How snowball Earth gave rise to complex life

650 million years ago, massive glaciers ground mountains to dust set the stage for the rise of algae in Earth’s oceans.

Algae alongside much smaller and less complex bacteria in the early ocean.
Algae alongside much smaller and less complex bacteria in the early ocean.

A pivotal step in the evolution of life on Earth was the progression from unicellular to multicellular organisms. This in turn required development from prokaryotes – the simplest single-celled creatures, like bacteria - to the more complex eukaryotes. For scientists eukaryotes are particularly sexy, not least because they enabled sexual reproduction, the great driver of species specialisation.

When and why eukaryotes bloomed to become the dominant productive lifeform in the Earth’s primordial oceans – creating the preconditions for more complex organisms to evolve – has remained a very big question.

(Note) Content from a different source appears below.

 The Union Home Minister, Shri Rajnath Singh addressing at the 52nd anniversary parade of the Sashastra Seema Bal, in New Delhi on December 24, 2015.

There is a reason, after all, that bacteria came first: unicellular existence is simpler, efficient and resilient. Appearing about 1 billion years after the Earth’s formation, bacterial life monopolised the planet for at least 800 million years and continued to dominate for several billion more. So what changed to give multicellular creatures like algae their time in the sun?

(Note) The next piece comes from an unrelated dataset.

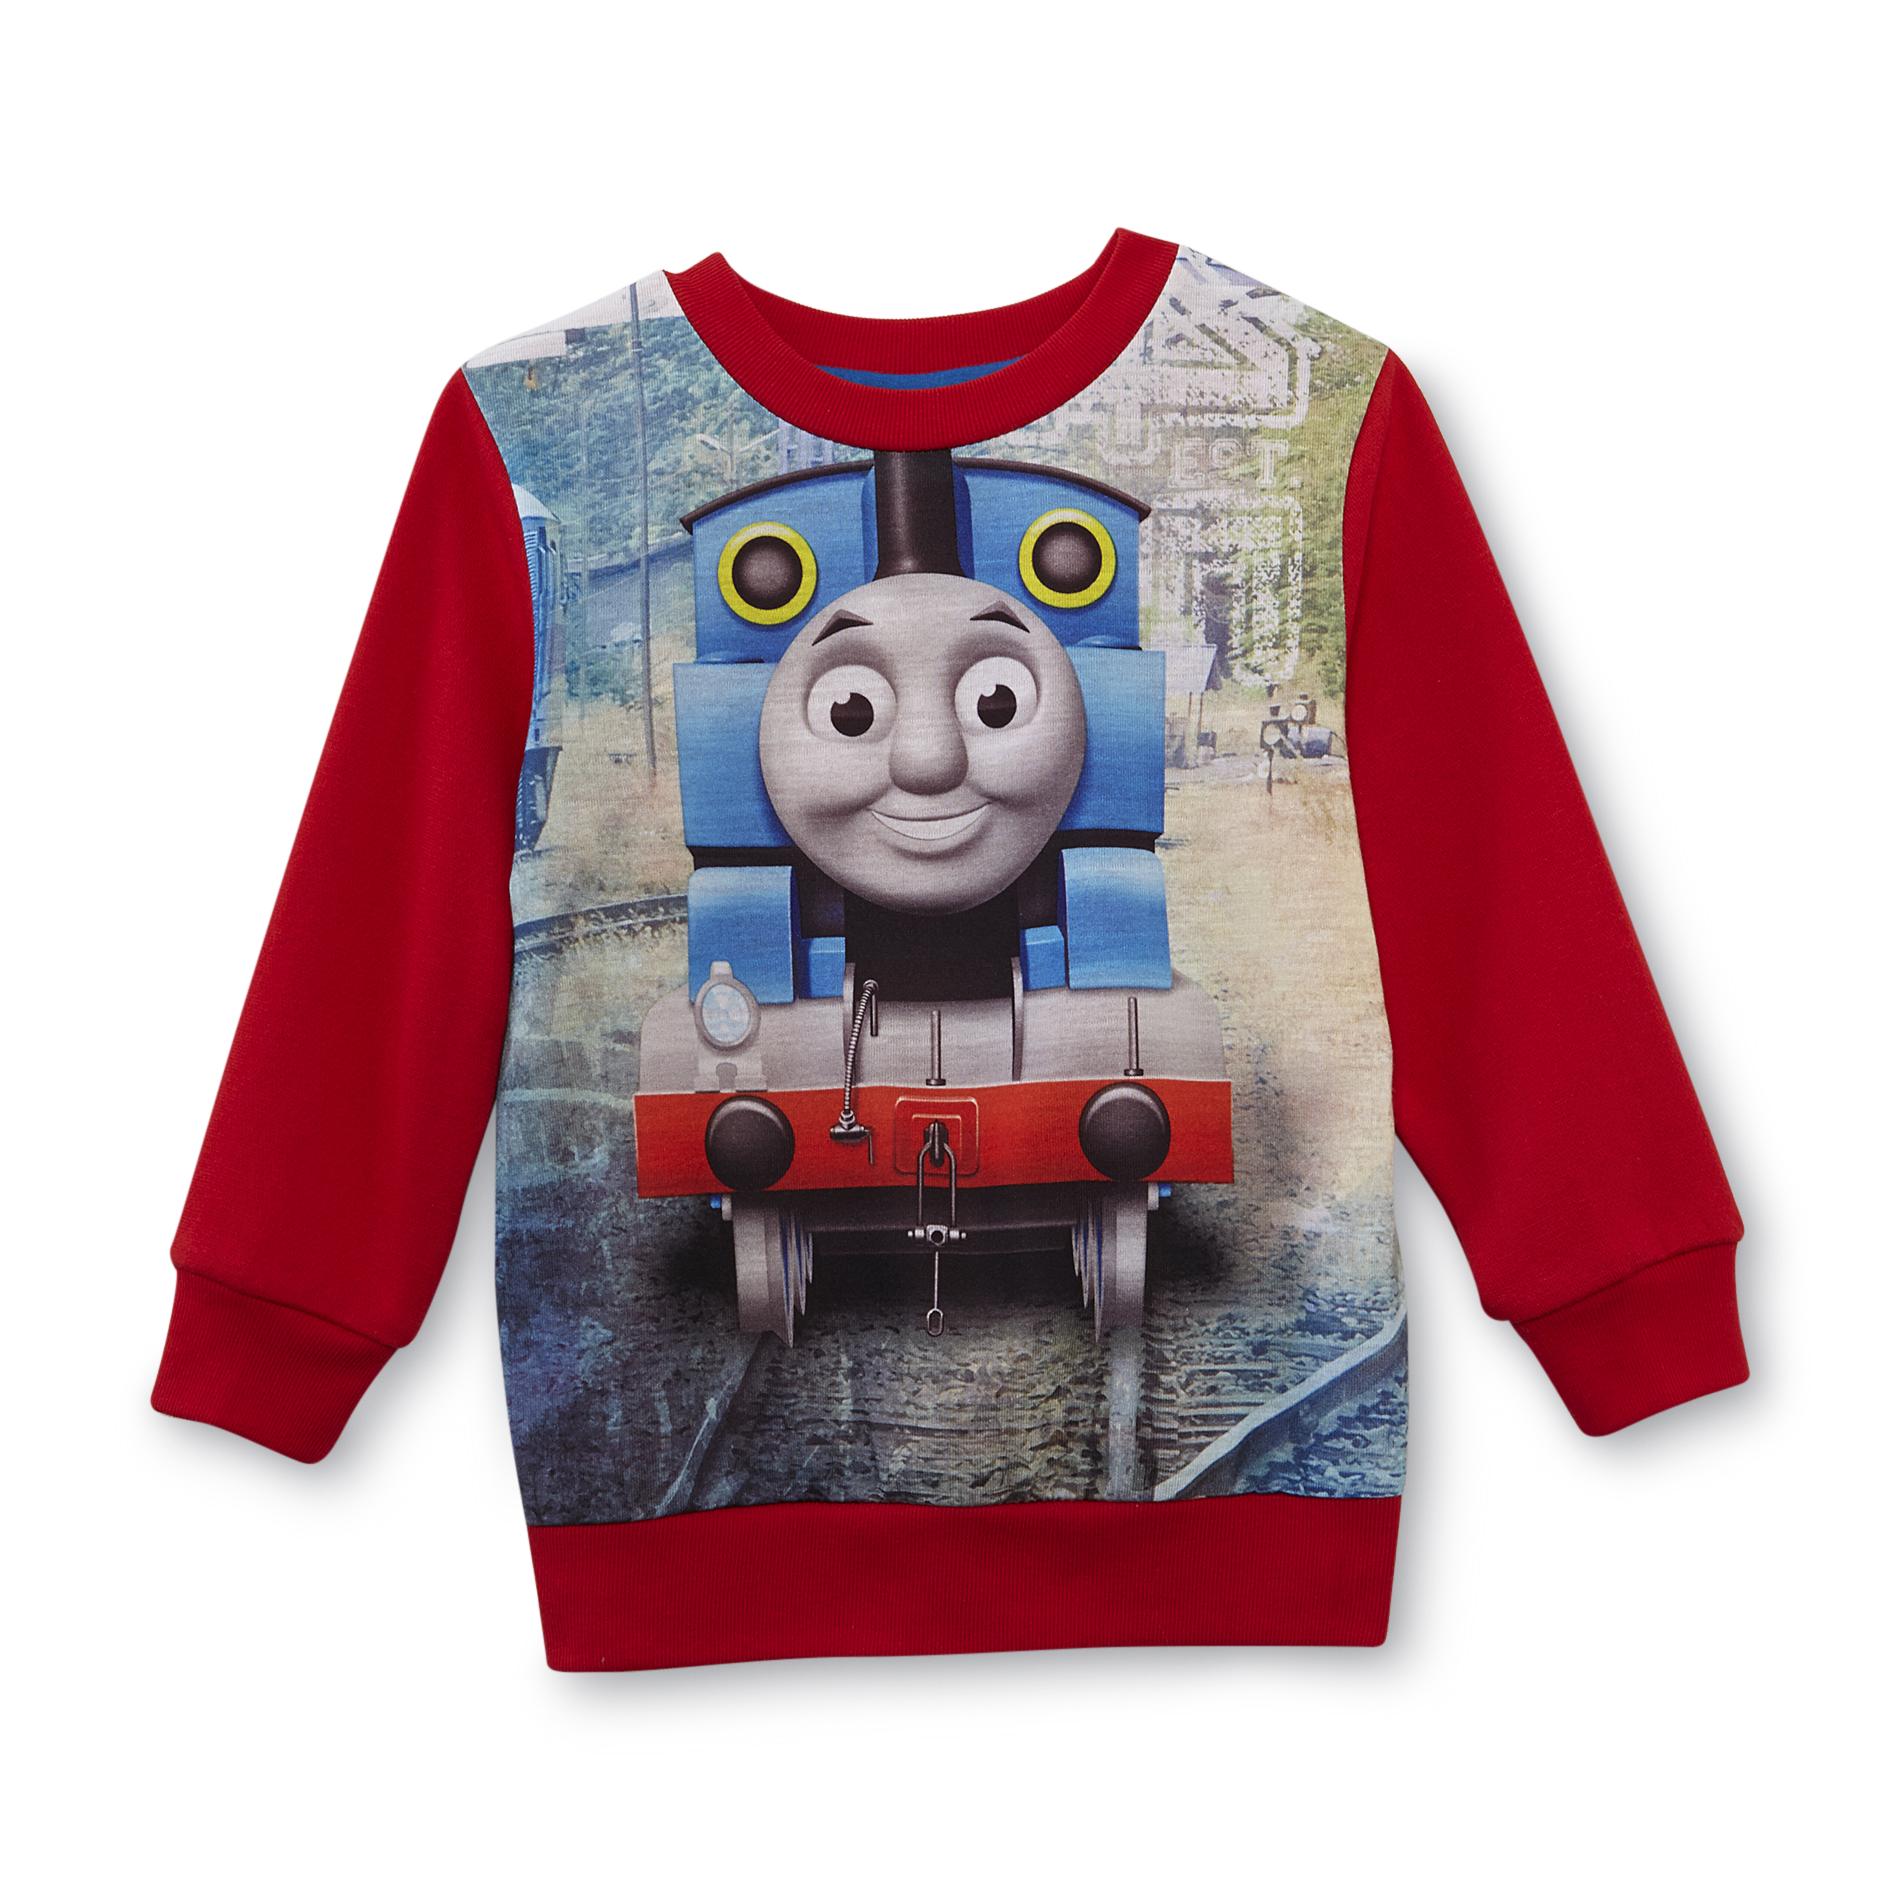 Thomas & Friends Toddler Boy's Graphic Sweater

Research from scientists at the Australian National University published in Nature may have an answer. The first piece of the puzzle was dating the “rise of algae” to 659–645 million years ago. It is a surprisingly narrow interval, falling between the Earth’s second-last and last great ‘snowball’ glaciation episodes, when the oceans froze and the planet’s surface was covered in ice up to several kilometres thick.

As much as ice-age conditions would seem inhospitable to life, the ANU research team led by Jochen Brocks and Amber Jarrett suggest the Earth’s penultimate snowball phase, known as the Sturtian glaciation, set the scene for the proliferation of algae. The towering glaciers ground down mountains and dumped a feast of mineral nutrients – notably phosphorus – into the oceans. There was too much for bacteria alone to devour, and algae thrived on the leftovers.

The Sturtian glaciation – the longest in Earth’s history – is named after geological evidence unearthed from Sturt River Gorge in South Australia. This new evidence comes from Australia’s Northern Territory. The scientists analysed ancient sedimentary rocks for molecular evidence of steroid alcohols, or sterols, which only eukaryotes can produce. They discovered a marked increase in steroid diversity and abundance that pointed to a rapid rise of marine planktonic algae.

“In these rocks we discovered striking signals of molecular fossils,” says Jarrett. “We immediately knew we had made a ground-breaking discovery that snowball Earth was directly involved in the evolution of large and complex life.”

After the Sturtian glaciation, high levels of carbon dioxide in the atmosphere meant that sea surface temperatures in the tropics could have reached 50 or 60 degrees Celsius, which is far too hot for algae. The researchers think this means that cyanobacterial picoplankton would have continued to dominate the tropics in this period, while algae blossomed further from the equator.

The increase in algae also increased atmospheric oxygen – which they produce through photosynthesis – and drove down the atmospheric carbon dioxide levels by burying carbon deep in the sea.

In time, larger algae could survive and form the base of a richer food web. They “provided the burst of energy required for the evolution of complex ecosystems”, says Brocks. The kind of ecosystems “increasingly large and complex animals, including humans, could thrive on Earth”.